Keywords: Calcitriol, phosphorus, FGF23, sevelamer hydrochloride, healthy adults
Fibroblast growth factor-23 (FGF23) is a circulating factor that plays an important role in the regulation of phosphate and vitamin D (1-3). FGF23 is produced by mature osteoblasts and osteocytes (2) and acts through FGF receptor–Klotho complexes in cell membranes. The kidney is the major target for FGF23; in the proximal renal tubule, FGF23 acts to promote phosphaturia by down-regulating the expression of luminal sodium-dependent phosphate transporters and to reduce synthesis of 1,25-dihydroxyvitamin D by down-regulating 1a-hydroxylase and up-regulating 24-hydroxylase activity (4-6).
Although the control of FGF23 production remains poorly understood, a complex interplay between systemic and local factors allows the coordination of bone buffering capacity with renal phosphate handling.
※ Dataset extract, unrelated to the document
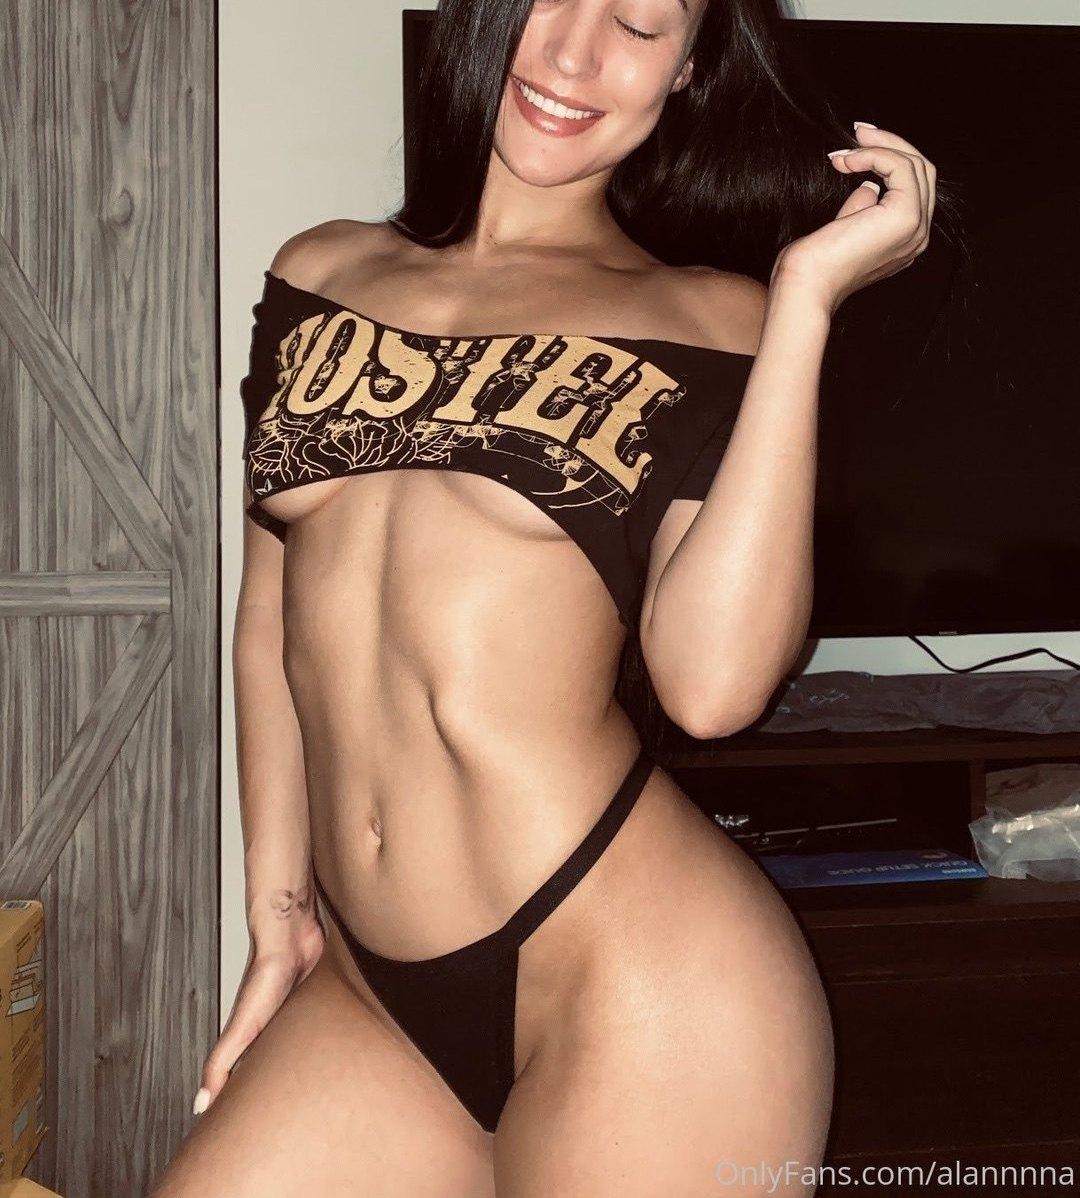 Alanna Dergan Alannnna Onlyfans Nudes Leaks 0007

The primary systemic factors that stimulate FGF23 secretion appear to be calcitriol and increased dietary phosphorus intake. Moreover the FGF23 level is directly correlated with serum parathyroid hormone (PTH), calcium, and phosphate level in uremic patients who are on maintenance hemodialysis (7-9).
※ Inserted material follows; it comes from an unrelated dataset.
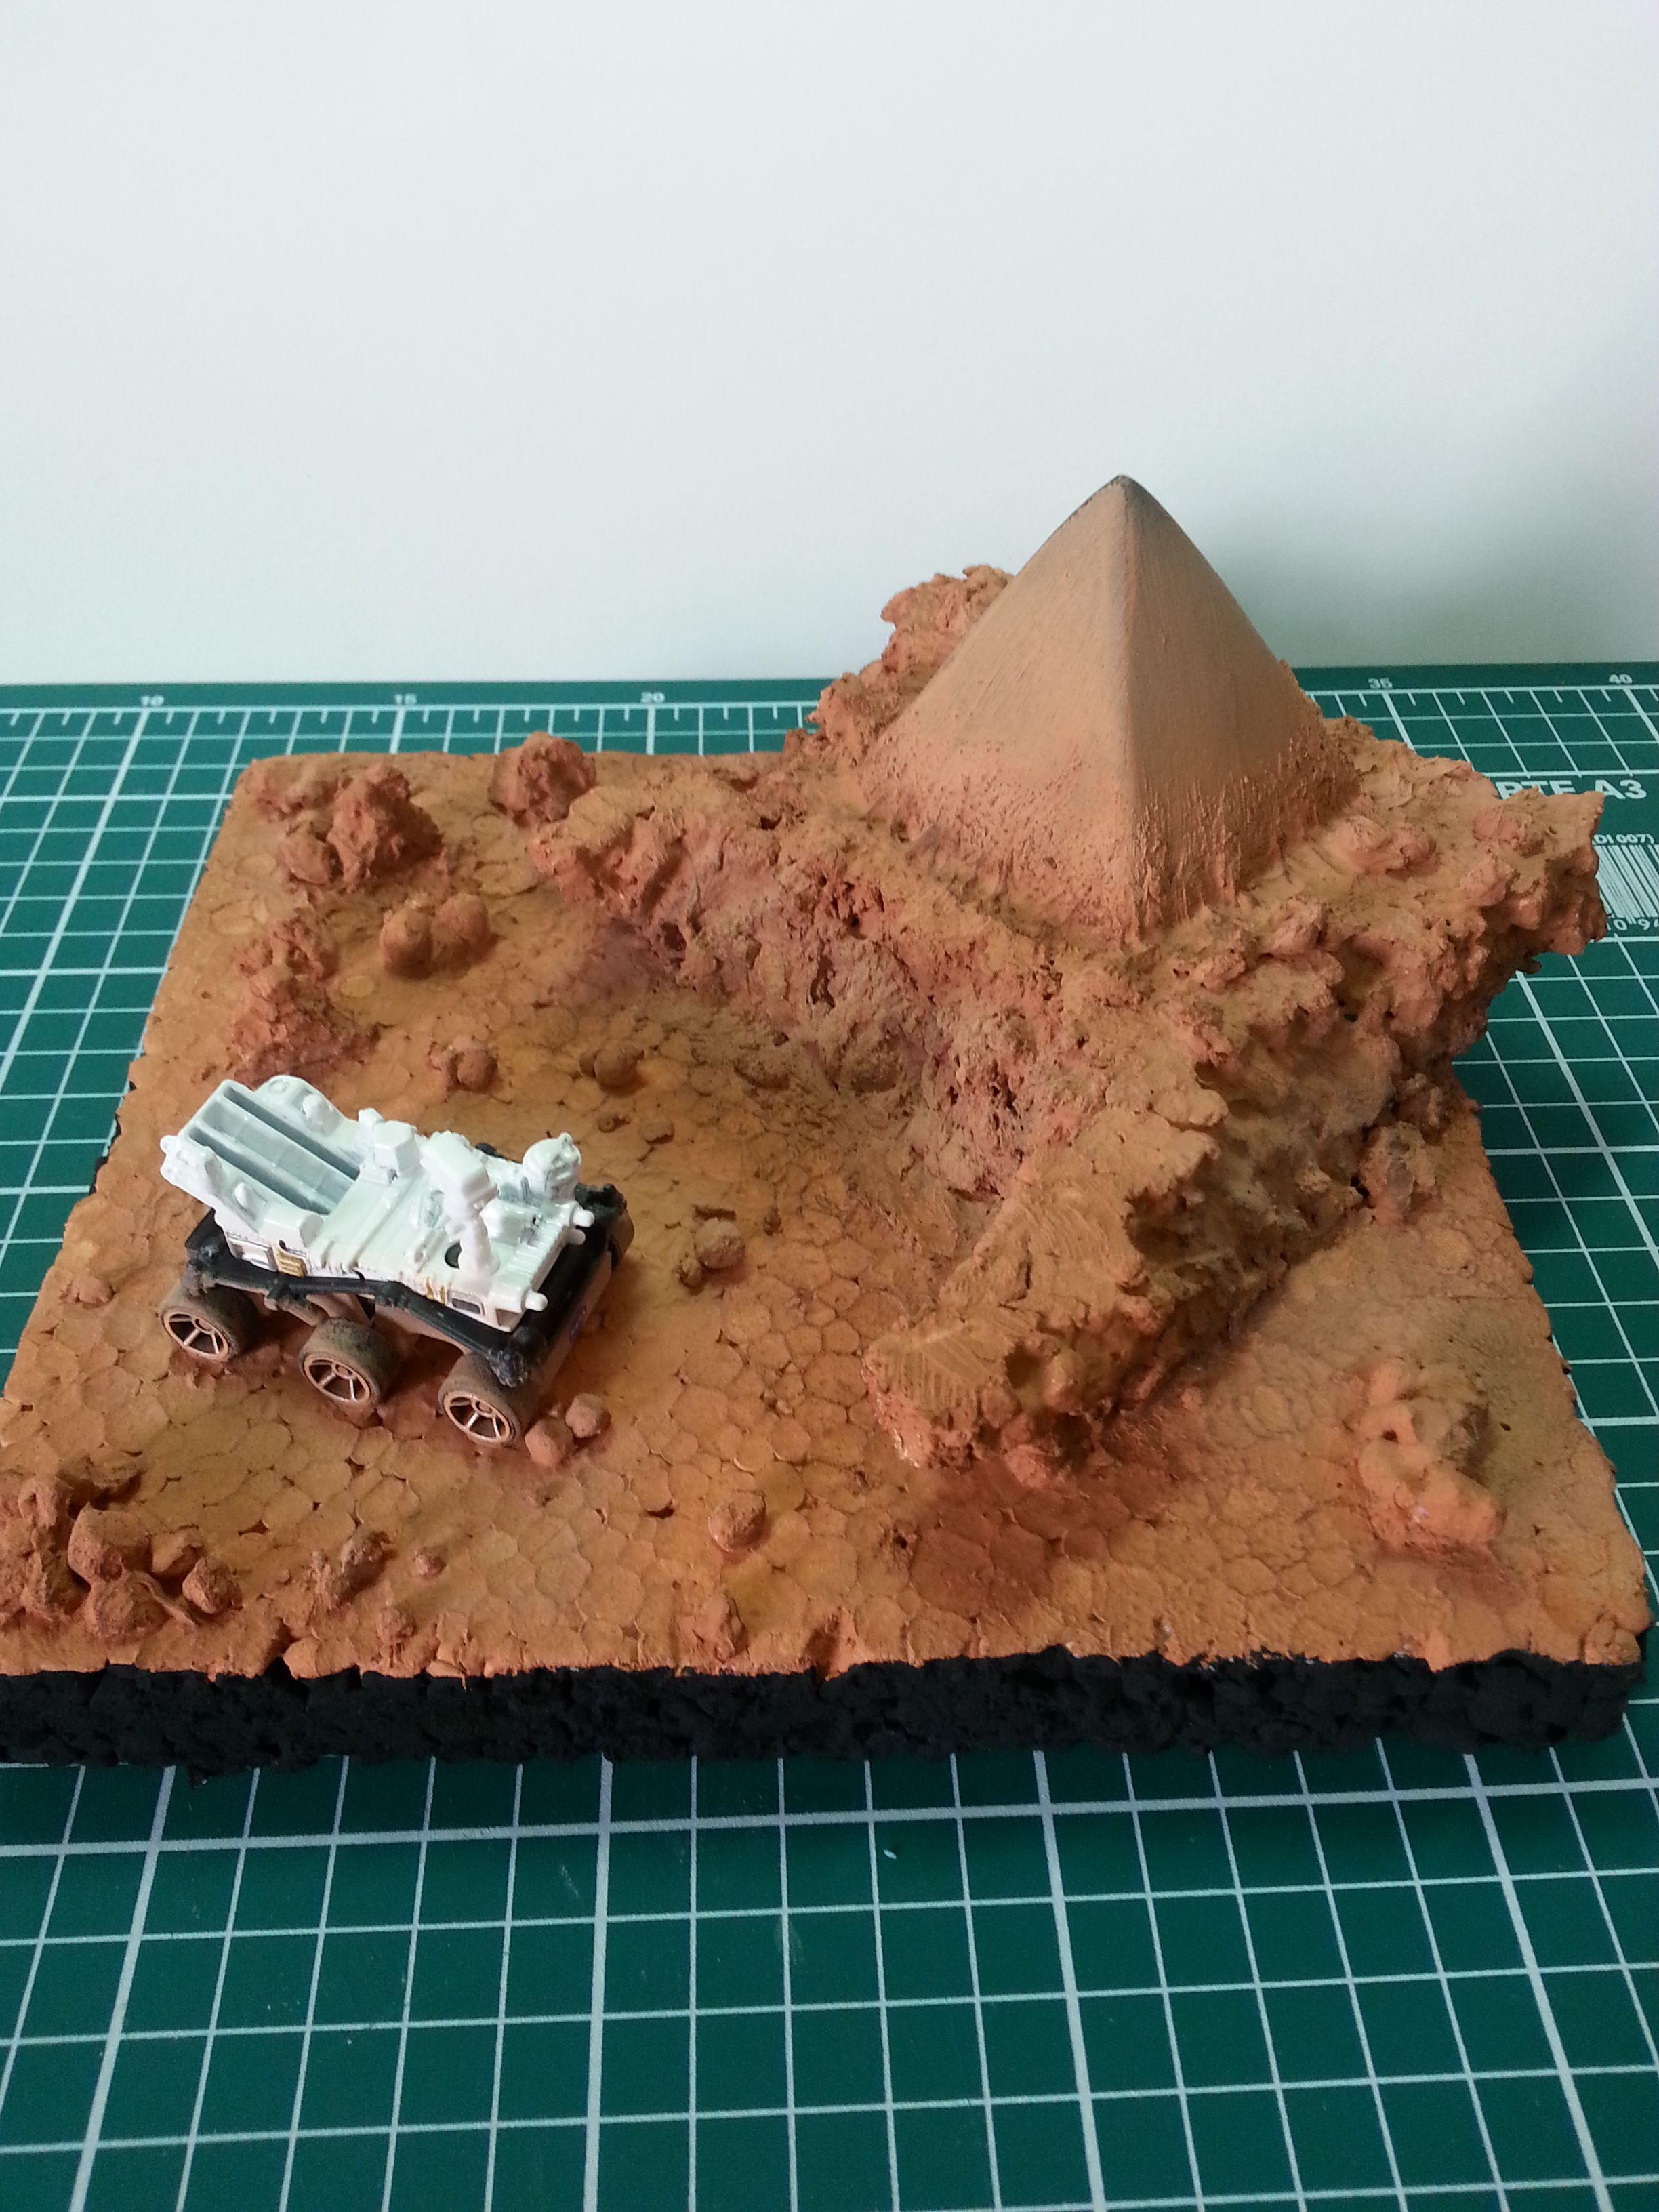 how to make a planet diorama

There is evidence that the plasma FGF23 level is regulated or affected by dietary phosphate. Recently, dietary consumption of phosphate was shown to increase serum FGF23 level in both uremic rats and non-uremic mice (10-12). In healthy individuals, increased dietary phosphate load has been reported to increase the serum level of FGF23 (13-16).
In addition, calcitriol was shown to up-regulate serum FGF23 level in mice and in parathyroidectomized rats without a corresponding increase in serum phosphate level (10), suggesting a role for both dietary phosphate and calcitriol in FGF23 secretion. Concerning humans, there are data that correlate calcitriol with FGF23 in patients with renal impairment (17) and in patients with hypoparathyroidism (18), while data relating calcitriol with FGF23 in healthy individuals do not exist as far as we are aware.
In this study, we attempted to examine the short-term effect of calcitriol on FGF23 level in humans and to determine whether the effect is direct or indirect through calcitriol-induced increased absorption of phosphorus from the intestine.
Patients and Methods
The study was approved by the Scientific Board of KAT hospital and validated by the central Institutional Review Board (no.: 11/23-9-2010). Informed consent was obtained from all participants. Twenty healthy adult volunteers, aged 20-50 years old, of both sexes, were enrolled in the study and 15 of them completed the study. All participants had no history of chronic diseases (kidney, liver or cardiovascular diseases, diabetes mellitus, malabsorption, etc.) and were not taking any medications or supplements.
All participants were tested at three time points/stages, lasting 24 h and at 1-week intervals (Figure 1). During each stage, blood samples were taken at 08.00 h (fasting), at 16.00 h, and the next morning at 08.00 h (fasting) (time 0, 8 and 24 h respectively). At baseline, samples were taken under no intervention. At the second stage, while fasting, participants received 0.5 μg oral calcitriol (before blood sampling at 08.00 and 16.00. At the third stage, participants received 0.5 μg oral calcitriol preprandially (before blood sampling at time 08.00 and 16.00) and sevelamer hydrochloride during meals at a dose of 800 mg, 16.00 mg and 800 mg, respectively. Τhe low-phosphorus diet combined with sevelamer administration provides a reliable further reduction in the intake of phosphorus with subsequent weakness in increasing its absorption from the intestinal tract, which was induced by the administration of calcitriol. Participants followed a diet with a low-phosphorus intake on the days of blood sampling (phosphorus intake to 625 mg/day; Low P diet: Consumption of single serving of dairy per day, up to 150 g meat, chicken, fish or seafood and avoidance of cola type refreshments, beer and chocolate), while the week prior to blood sampling they followed a diet with a medium phosphorus intake (phosphorus intake of 1,500 to 1,800 mg/day) based on instructions given in their special diets in order to be able to compare the findings of the three stages of the study.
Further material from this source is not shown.